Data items

────

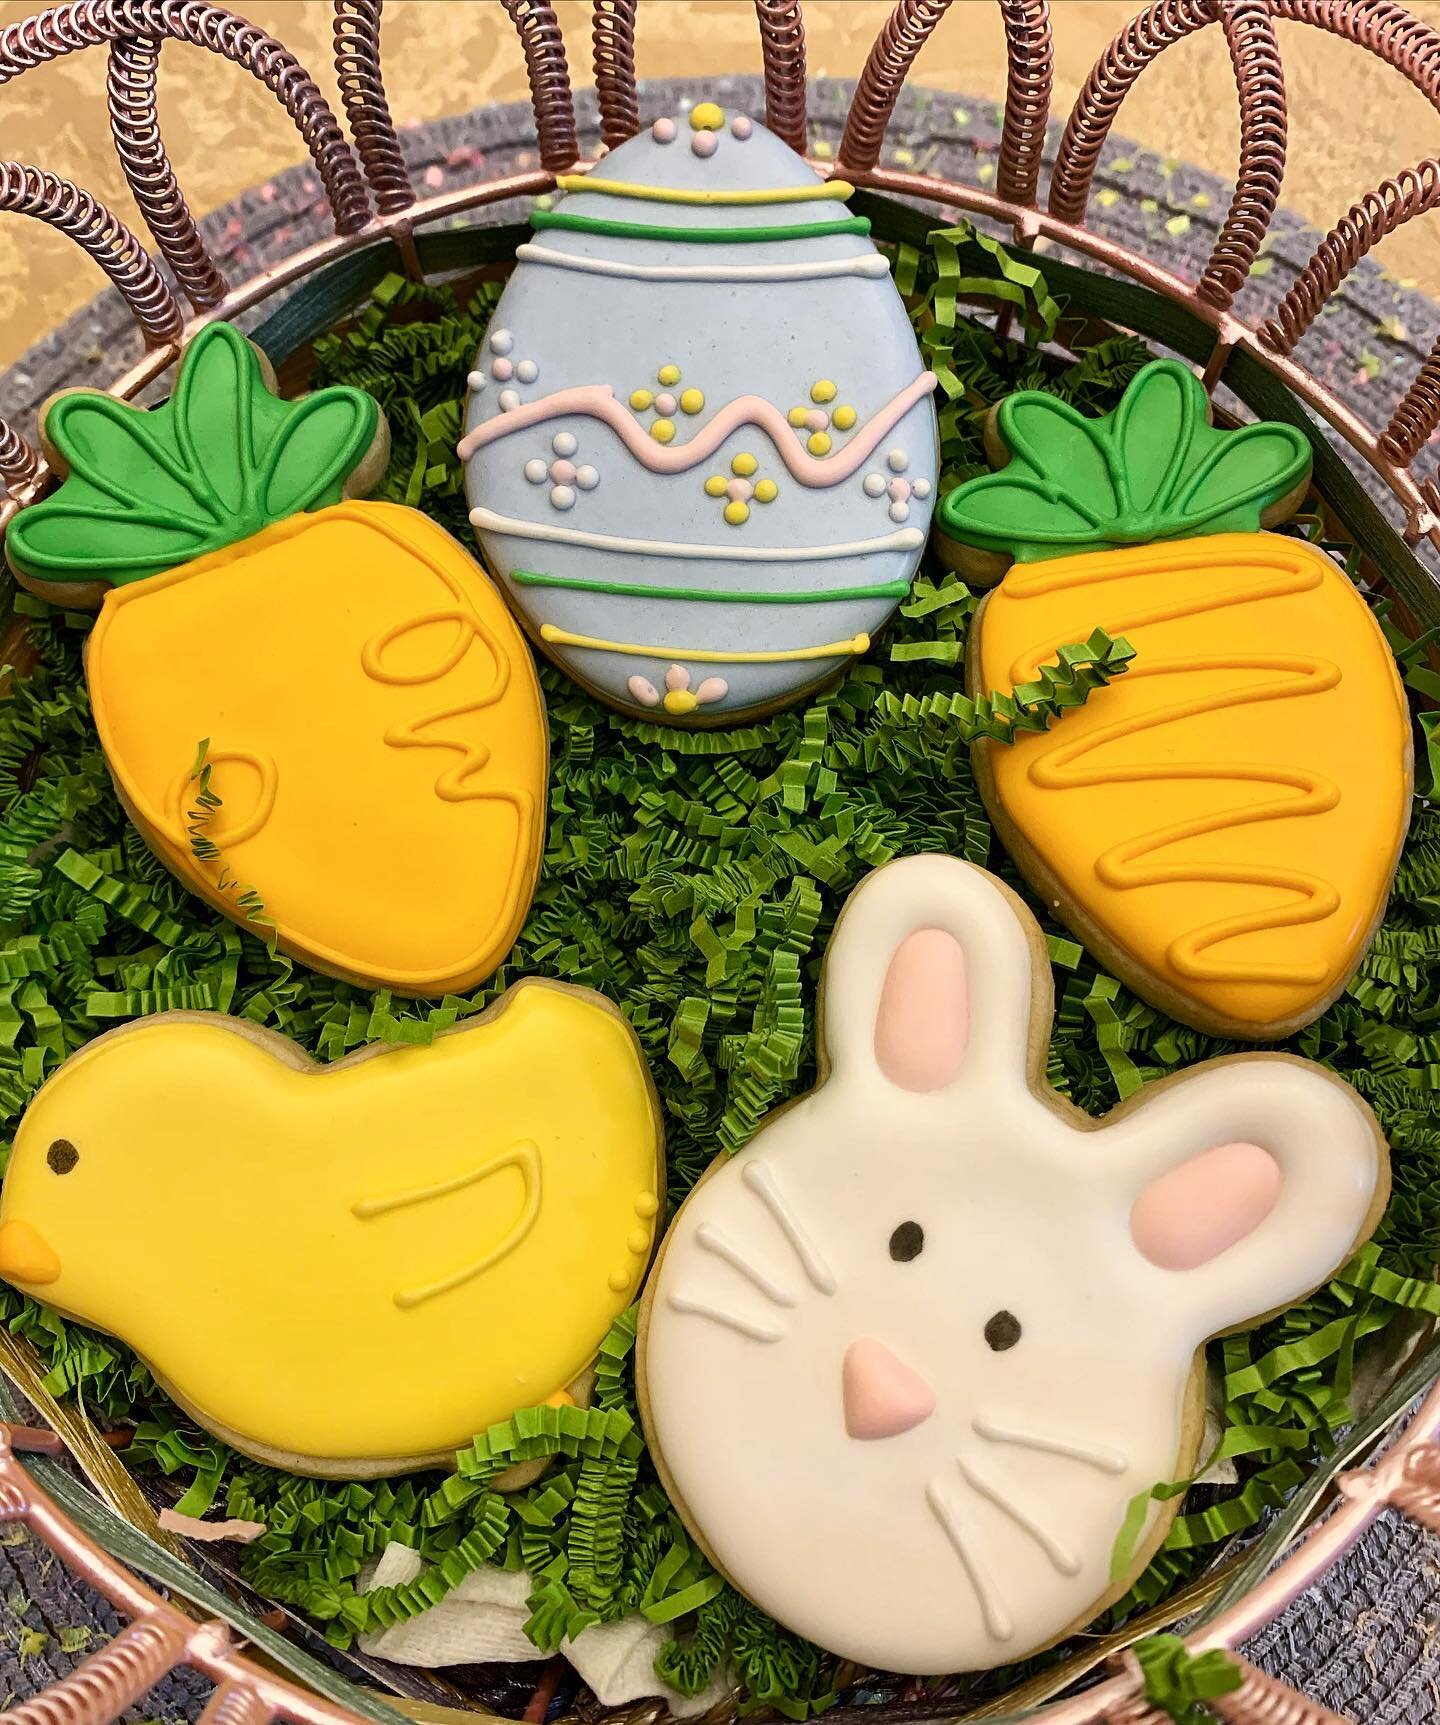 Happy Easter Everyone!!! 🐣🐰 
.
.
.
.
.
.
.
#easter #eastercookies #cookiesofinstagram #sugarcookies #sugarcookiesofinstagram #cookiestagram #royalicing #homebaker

────

Give the data above again, exactly, with every picture removed.

SOLUTION FOR THIS PROBLEM
 Happy Easter Everyone!!! 🐣🐰 
.
.
.
.
.
.
.
#easter #eastercookies #cookiesofinstagram #sugarcookies #sugarcookiesofinstagram #cookiestagram #royalicing #homebaker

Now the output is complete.